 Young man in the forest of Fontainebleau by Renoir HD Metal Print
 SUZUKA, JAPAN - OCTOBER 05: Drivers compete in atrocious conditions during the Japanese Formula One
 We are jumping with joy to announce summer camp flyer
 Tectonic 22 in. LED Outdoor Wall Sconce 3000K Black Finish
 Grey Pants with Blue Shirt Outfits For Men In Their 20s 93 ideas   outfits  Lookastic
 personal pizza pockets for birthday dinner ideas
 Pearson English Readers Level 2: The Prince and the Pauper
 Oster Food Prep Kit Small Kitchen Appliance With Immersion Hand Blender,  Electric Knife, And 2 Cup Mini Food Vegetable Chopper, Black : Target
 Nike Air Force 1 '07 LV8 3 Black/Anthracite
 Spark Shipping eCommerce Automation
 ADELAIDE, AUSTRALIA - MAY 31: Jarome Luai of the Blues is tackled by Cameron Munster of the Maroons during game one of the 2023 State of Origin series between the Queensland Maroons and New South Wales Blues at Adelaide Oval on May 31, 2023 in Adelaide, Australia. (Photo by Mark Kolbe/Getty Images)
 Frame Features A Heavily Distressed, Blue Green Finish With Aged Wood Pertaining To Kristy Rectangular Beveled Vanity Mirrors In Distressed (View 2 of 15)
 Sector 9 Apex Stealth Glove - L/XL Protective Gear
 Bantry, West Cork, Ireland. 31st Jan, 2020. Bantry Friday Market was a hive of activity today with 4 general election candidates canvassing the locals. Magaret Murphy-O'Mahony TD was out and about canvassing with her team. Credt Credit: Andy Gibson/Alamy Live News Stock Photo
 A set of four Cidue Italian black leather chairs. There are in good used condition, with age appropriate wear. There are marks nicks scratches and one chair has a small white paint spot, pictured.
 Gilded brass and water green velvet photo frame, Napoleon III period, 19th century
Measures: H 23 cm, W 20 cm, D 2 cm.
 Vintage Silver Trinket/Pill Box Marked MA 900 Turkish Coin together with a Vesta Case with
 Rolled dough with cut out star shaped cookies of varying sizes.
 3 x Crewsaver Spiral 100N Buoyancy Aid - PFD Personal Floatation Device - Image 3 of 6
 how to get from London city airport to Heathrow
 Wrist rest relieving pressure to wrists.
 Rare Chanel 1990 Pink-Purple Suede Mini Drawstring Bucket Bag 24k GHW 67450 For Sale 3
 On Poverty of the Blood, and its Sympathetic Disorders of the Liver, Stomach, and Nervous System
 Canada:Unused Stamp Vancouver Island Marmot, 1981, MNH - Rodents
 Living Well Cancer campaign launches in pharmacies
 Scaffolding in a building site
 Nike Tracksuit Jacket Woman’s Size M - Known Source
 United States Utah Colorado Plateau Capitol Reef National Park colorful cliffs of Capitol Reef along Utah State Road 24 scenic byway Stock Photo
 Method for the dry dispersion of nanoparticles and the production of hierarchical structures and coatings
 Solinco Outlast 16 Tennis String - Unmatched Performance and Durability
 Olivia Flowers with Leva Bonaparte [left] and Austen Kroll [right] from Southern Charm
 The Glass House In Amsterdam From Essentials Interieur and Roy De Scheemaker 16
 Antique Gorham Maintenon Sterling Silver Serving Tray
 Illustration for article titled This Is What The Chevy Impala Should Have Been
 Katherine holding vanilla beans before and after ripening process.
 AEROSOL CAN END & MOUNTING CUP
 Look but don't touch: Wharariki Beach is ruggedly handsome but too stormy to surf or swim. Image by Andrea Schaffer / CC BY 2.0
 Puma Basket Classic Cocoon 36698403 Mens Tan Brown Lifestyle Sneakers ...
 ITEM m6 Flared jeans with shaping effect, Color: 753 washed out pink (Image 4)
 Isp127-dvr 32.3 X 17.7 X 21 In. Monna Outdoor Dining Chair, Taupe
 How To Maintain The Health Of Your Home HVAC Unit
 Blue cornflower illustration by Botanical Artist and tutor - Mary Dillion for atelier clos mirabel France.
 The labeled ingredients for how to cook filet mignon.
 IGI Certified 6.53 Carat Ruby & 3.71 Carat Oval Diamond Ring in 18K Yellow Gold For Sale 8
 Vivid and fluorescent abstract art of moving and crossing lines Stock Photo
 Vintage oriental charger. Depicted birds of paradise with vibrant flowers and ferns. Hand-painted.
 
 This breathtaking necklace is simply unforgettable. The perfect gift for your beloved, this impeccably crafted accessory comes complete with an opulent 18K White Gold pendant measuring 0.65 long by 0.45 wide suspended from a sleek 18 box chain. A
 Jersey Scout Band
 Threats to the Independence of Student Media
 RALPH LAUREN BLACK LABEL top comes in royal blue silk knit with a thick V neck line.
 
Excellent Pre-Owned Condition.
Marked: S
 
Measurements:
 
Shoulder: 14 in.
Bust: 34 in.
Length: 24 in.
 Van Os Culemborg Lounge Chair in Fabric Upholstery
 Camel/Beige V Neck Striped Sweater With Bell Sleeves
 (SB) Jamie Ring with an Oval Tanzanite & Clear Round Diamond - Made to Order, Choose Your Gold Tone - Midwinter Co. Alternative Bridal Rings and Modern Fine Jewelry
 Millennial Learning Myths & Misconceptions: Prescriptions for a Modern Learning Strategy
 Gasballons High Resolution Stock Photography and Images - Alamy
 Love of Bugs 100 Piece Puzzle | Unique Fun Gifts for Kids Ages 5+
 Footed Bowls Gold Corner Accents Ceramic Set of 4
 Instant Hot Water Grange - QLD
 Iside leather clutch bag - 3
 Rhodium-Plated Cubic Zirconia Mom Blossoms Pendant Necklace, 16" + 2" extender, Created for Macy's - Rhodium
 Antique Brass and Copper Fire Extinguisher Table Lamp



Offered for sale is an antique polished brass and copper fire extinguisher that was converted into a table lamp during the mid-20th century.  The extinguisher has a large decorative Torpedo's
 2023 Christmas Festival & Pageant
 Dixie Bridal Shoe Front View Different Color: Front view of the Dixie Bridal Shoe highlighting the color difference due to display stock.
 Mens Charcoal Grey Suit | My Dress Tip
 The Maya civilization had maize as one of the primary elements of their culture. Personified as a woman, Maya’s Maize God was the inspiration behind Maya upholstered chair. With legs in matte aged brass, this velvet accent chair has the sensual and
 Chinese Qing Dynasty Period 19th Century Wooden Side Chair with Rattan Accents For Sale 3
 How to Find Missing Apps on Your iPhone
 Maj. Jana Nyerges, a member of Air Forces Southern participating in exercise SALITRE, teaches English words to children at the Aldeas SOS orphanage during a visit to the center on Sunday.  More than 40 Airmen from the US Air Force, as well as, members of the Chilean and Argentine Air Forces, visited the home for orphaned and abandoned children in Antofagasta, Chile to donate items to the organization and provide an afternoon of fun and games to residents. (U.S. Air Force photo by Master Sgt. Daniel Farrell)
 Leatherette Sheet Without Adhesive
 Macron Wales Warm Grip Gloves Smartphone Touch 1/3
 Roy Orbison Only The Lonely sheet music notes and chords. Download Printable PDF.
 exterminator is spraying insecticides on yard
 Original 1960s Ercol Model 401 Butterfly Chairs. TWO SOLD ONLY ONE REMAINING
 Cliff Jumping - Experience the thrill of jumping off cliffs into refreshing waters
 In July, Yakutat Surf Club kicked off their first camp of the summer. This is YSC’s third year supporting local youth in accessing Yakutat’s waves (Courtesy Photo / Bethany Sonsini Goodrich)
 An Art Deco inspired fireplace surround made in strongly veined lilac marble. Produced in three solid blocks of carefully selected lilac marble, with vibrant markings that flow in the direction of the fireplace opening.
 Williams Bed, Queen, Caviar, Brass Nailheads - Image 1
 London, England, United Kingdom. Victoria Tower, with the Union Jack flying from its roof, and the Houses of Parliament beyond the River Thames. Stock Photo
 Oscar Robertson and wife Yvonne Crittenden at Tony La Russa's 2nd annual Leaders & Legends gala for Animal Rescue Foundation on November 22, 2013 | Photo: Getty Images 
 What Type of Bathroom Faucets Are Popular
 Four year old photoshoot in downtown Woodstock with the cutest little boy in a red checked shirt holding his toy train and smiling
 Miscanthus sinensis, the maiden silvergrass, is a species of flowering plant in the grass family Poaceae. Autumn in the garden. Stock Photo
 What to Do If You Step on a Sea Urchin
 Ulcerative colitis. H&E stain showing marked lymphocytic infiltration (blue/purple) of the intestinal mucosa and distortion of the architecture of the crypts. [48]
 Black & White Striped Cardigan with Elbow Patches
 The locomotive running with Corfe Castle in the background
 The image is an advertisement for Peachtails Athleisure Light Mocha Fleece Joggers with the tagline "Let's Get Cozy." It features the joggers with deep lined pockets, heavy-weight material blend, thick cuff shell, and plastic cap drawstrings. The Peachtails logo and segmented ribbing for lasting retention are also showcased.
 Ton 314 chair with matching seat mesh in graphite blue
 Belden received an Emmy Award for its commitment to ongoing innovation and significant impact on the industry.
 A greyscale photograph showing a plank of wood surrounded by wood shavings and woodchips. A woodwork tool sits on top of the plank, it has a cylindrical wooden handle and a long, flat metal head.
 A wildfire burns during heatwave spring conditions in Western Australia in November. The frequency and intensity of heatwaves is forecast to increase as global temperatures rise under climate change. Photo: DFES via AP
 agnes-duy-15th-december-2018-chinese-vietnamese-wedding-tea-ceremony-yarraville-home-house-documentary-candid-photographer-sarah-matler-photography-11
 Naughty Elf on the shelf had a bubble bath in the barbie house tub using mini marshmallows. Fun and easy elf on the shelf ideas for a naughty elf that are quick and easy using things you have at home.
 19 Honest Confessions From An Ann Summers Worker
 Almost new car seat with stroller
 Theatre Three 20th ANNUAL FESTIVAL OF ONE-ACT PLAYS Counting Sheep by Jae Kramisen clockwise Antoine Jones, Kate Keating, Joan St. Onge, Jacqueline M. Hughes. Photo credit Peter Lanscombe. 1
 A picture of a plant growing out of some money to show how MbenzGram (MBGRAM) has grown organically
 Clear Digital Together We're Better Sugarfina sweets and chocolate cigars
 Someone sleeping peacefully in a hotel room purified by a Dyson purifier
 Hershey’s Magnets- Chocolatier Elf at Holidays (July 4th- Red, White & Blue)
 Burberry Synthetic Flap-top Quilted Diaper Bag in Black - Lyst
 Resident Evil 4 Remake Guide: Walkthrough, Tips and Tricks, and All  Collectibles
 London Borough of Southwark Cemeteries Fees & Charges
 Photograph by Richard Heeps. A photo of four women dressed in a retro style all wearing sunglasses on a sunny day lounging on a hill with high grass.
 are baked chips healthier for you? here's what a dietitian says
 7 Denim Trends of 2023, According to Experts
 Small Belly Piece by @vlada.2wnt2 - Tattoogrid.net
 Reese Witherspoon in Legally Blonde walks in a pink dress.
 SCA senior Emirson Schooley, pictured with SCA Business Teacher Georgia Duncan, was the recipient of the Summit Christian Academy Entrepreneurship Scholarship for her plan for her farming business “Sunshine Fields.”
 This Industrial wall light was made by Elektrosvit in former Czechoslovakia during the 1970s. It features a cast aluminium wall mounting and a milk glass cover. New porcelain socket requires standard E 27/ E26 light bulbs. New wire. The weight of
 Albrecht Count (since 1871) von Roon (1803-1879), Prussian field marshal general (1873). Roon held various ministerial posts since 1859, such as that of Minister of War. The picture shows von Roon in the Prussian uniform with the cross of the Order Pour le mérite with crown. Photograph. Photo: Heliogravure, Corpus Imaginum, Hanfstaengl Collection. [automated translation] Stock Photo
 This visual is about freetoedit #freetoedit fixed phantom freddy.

────────

## WORK INSTRUCTIONS
Transcribe, exactly and without additions, the lines of the records above, beginning with the line that contains "Naughty Elf on" and ending with the line that contains "Almost new car seat with stroller", both included.

## YOUR RESPONSE
 Naughty Elf on the shelf had a bubble bath in the barbie house tub using mini marshmallows. Fun and easy elf on the shelf ideas for a naughty elf that are quick and easy using things you have at home.
 19 Honest Confessions From An Ann Summers Worker
 Almost new car seat with stroller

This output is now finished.